When a three-legged dog chases its tail, the stakes are higher, somehow. These poems are like that: trios of unrhymed tercets that strain toward the phantom limb of a resolution but never quite reach it. I call this form 3verse. It takes its cue from the web comic 3eanuts, which consists of old Peanuts strips from which the fourth panel has been amputated. The result is something perhaps sadder but also freer, more open-ended, succeeding in ways the original strips could not.

Ideas for the poems usually come to me on mid-day walks, whence the working title of the series.

Posted on January 22, 2014February 4, 2014 by Dave Bonta

January noon

This entry is part 1 of 91 in the series Toward Noon: 3verses

 

In the owl’s flight
as in the conifers it left:
that silence.

It’s enormous,
the frozen carcass of a cow
eaten by chickadees.

O trees like forks,
the sky too is a dish
best served cold.

Posted on January 23, 2014May 11, 2014 by Dave Bonta

Primary sources

This entry is part 2 of 91 in the series Toward Noon: 3verses

 

One line for all
the caravans of the internet—
its wavy shadow.

Looking at bird tracks,
I feel a certain anxiety
of influence.

I chew on a piece
of congealed black cherry sap
from a head-sized burl.

Posted on January 26, 2014February 4, 2014 by Dave Bonta

Nuthatch

This entry is part 3 of 91 in the series Toward Noon: 3verses

 

Nuthatch at the window,
probing under the sill
for frozen bugs and pupae,

one eye on the glass
where, behind the bare trees,
my bare face swims up—

that odd ice
on a sideways pond
with its year-round winter…

Posted on January 27, 2014February 4, 2014 by Dave Bonta

Haustorial

This entry is part 4 of 91 in the series Toward Noon: 3verses

 

The sound of porcupine teeth
in the oak’s crown,
as lethal as mistletoe.

Ahead of me on the path,
the tracks of three deer
braiding and unbraiding.

I reach inside my coat
and find a twig. It’s happening
sooner than I thought.

Posted on January 28, 2014February 4, 2014 by Dave Bonta

Walking the line

This entry is part 5 of 91 in the series Toward Noon: 3verses

 

High winds.

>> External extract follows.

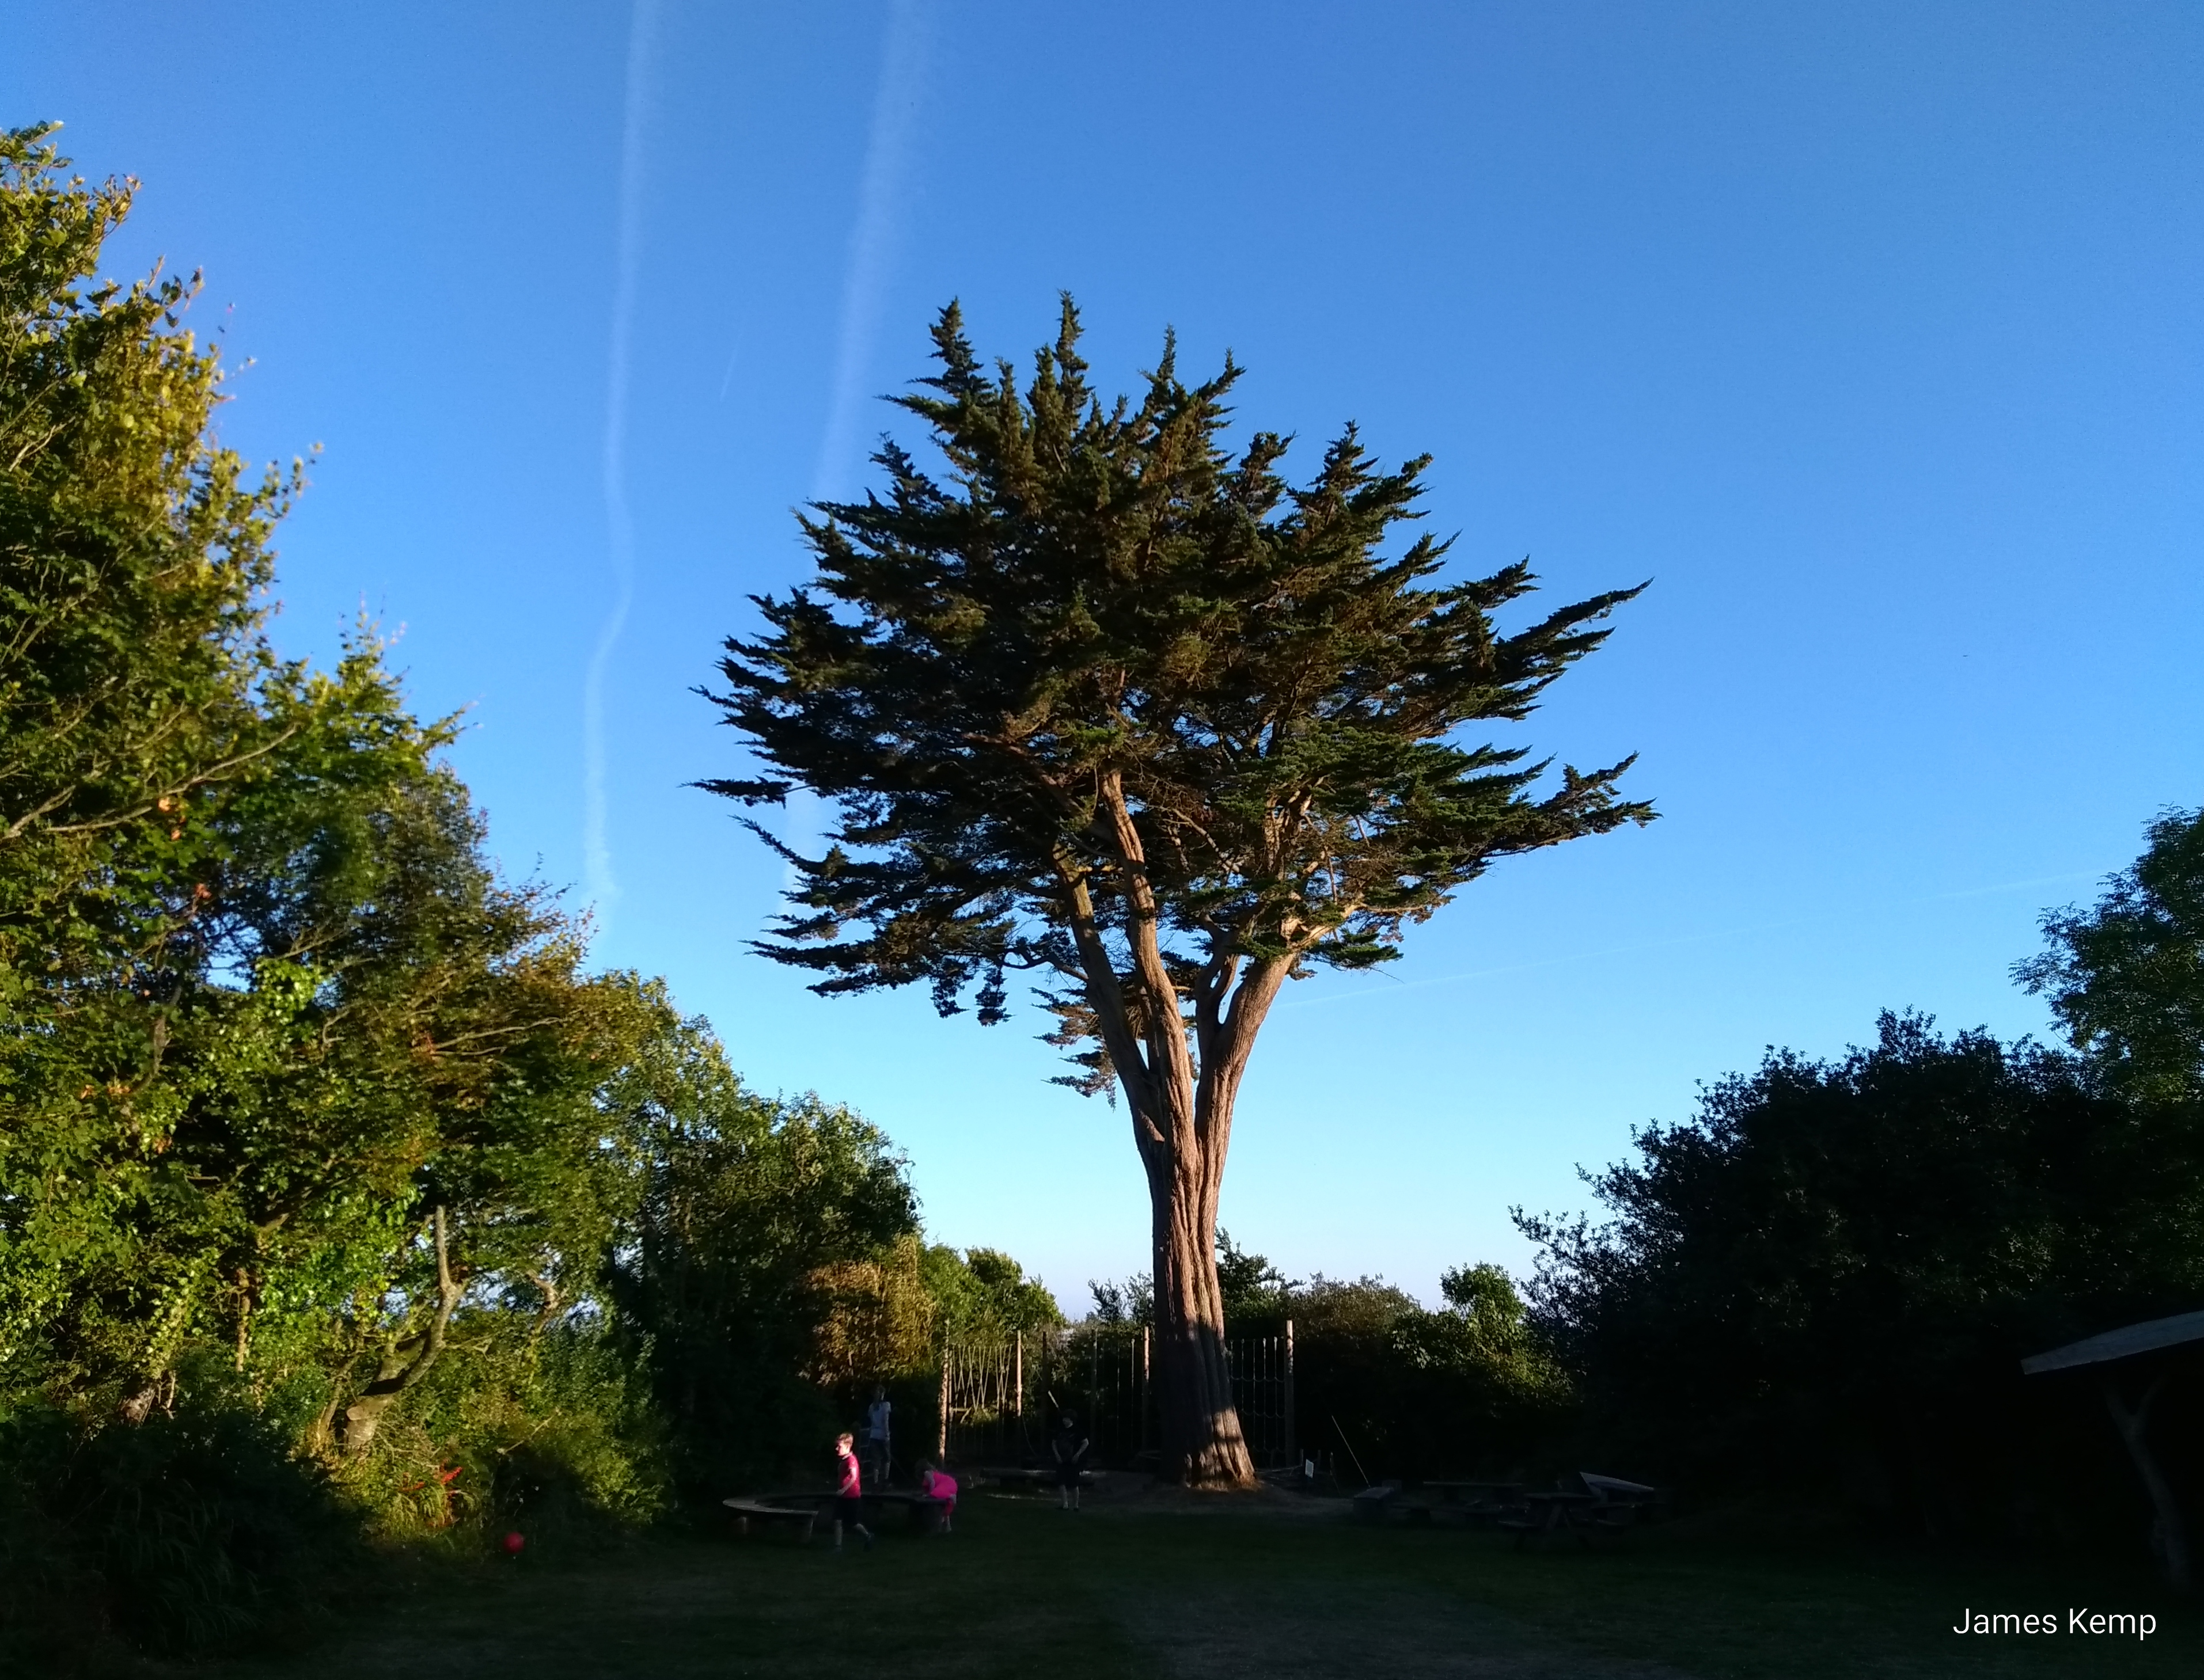 The back garden in the real family holidays centre in Slapton, Devon (photo: James Kemp)
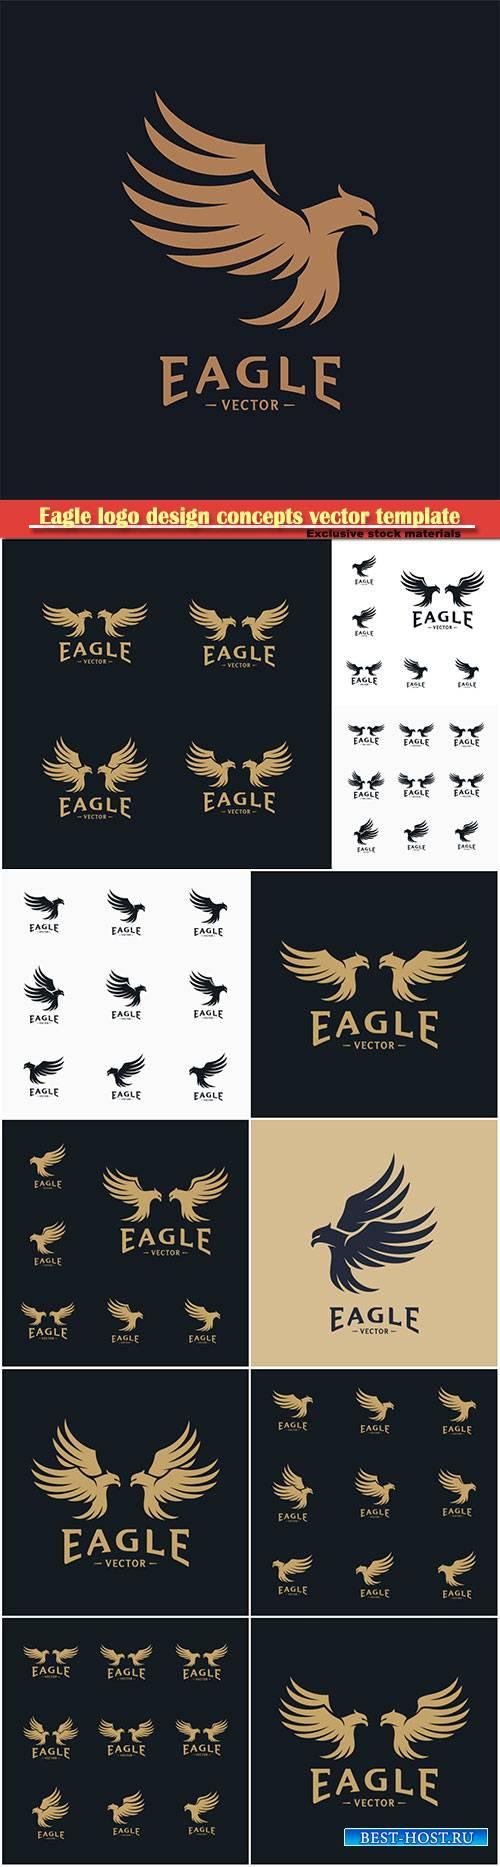 Eagle logo design concepts vector template, icon symbol

I press an ear
to the trunk of a ridge-top oak
and hear nothing but wind.

My footprints in the snow
are more than erased;
they’re raised up, scattered like ashes.

The woodpecker must hear any sound
an oak can make.
It taps out a response.

Posted on January 29, 2014February 4, 2014 by Dave Bonta

Gospel

This entry is part 6 of 91 in the series Toward Noon: 3verses

 

Five below zero.
The stream bank is garlanded
with flowers of frost.

The dogmatic drone
of a single-prop plane,
its cross-shaped silhouette.

The sky is blue as a bruise.
My lungs ache
just from trying to breathe.

Posted on January 30, 2014February 4, 2014 by Dave Bonta

Wildstyle

This entry is part 7 of 91 in the series Toward Noon: 3verses

 

On a low mound in the woods,
two coyotes have left
overlapping turds—

like graffiti tags
made of mouse hair
and small bones.

I follow their tracks.
They diverge in an old clearcut
choked with tree-of-heaven.

Posted on January 31, 2014February 4, 2014 by Dave Bonta

Close to home

This entry is part 8 of 91 in the series Toward Noon: 3verses

 

All this time,
six well-used deer beds
just out of sight from the porch!

The old outhouse
half-fallen into its hole—
how long has the roof been gone?

Even the snowy hillside,
the way it bends the trees’
harp-string shadows…

Posted on February 1, 2014February 4, 2014 by Dave Bonta

Lay of the land

This entry is part 9 of 91 in the series Toward Noon: 3verses

 

The long, low ridges
in the blue distance are edged
with bands of yellow.

Otherwise, the clouds
are heavy as an old
wool blanket.

I pull the shades for a nap,
a wakeful woodchuck thumping
under my floor.

Posted on February 2, 2014February 4, 2014 by Dave Bonta

Primary school

This entry is part 10 of 91 in the series Toward Noon: 3verses

 

Children in the woods:
at first I mistake their distant yelps
for coyotes.

When did I stop climbing trees?
Views are best when seasoned
with a little terror.

Once I found a dead cicada,
stuck half-way out
of its former self.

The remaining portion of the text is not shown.